MIA2 Antibody Overview

MIA2 (Melanoma Inhibitory Activity Protein 2) is a secreted protein encoded by the MIA2 gene, broadly involved in:

  • Cholesterol and triglyceride homeostasis via pre-chylomicron/VLDL transport from the endoplasmic reticulum .

  • Potential roles in liver pathophysiology and cancer biology, particularly in promoting tumor cell proliferation .

The non-conjugated MIA2 Antibody (PACO56026) is a rabbit polyclonal IgG validated for ELISA and immunohistochemistry (IHC) in human samples. It targets residues 178–354 of human MIA2 and is purified to >95% purity .

ParameterDetails
Host SpeciesRabbit
ReactivityHuman
ApplicationsELISA (1:2,000–1:10,000), IHC (1:200–1:500)
Storage50% glycerol, 0.01M PBS, pH 7.4; avoid freeze-thaw cycles

FITC Conjugation Principles

FITC (fluorescein isothiocyanate) is a fluorophore conjugated to antibodies via primary amines (e.g., lysine residues). Key considerations include:

  • Labeling Index: Higher FITC-to-antibody ratios reduce binding affinity and increase non-specific staining .

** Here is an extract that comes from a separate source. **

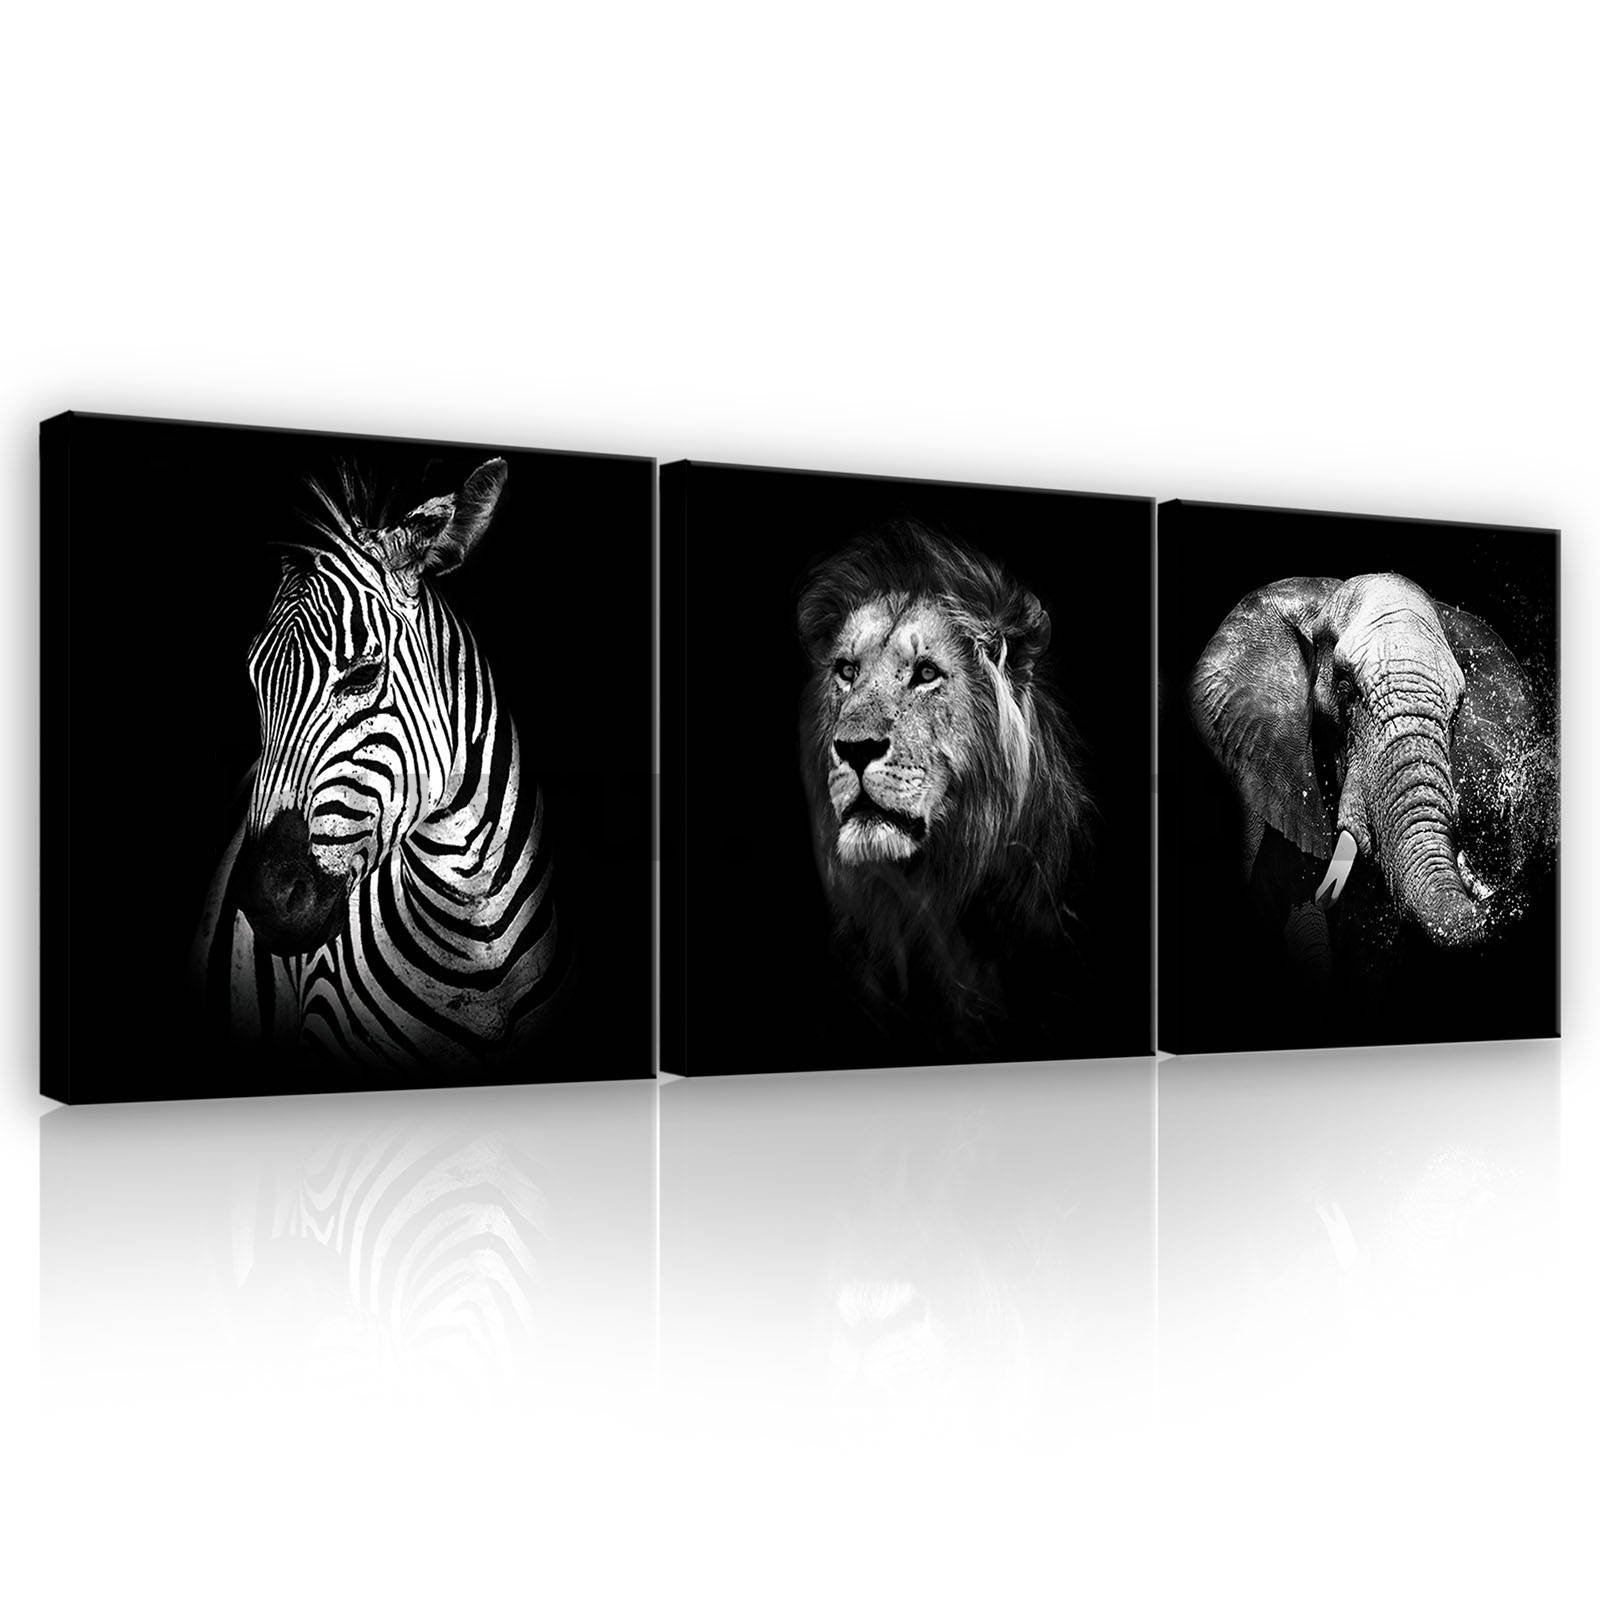 Painting on canvas: Black and white animals (1) - set 3pcs 25x25cm

  • Sodium Azide Removal: Critical for successful conjugation, as azide reacts with FITC .

  • Optimization: Titration of FITC (10–400 µg per mg antibody) is required to balance sensitivity and specificity .

Example Protocol for FITC Conjugation

  1. Antibody Preparation: Dialyze to remove preservatives (e.g., sodium azide) .

  2. Reaction: Mix antibody with FITC in alkaline buffer (pH 9.5) at 25 mg/mL protein concentration .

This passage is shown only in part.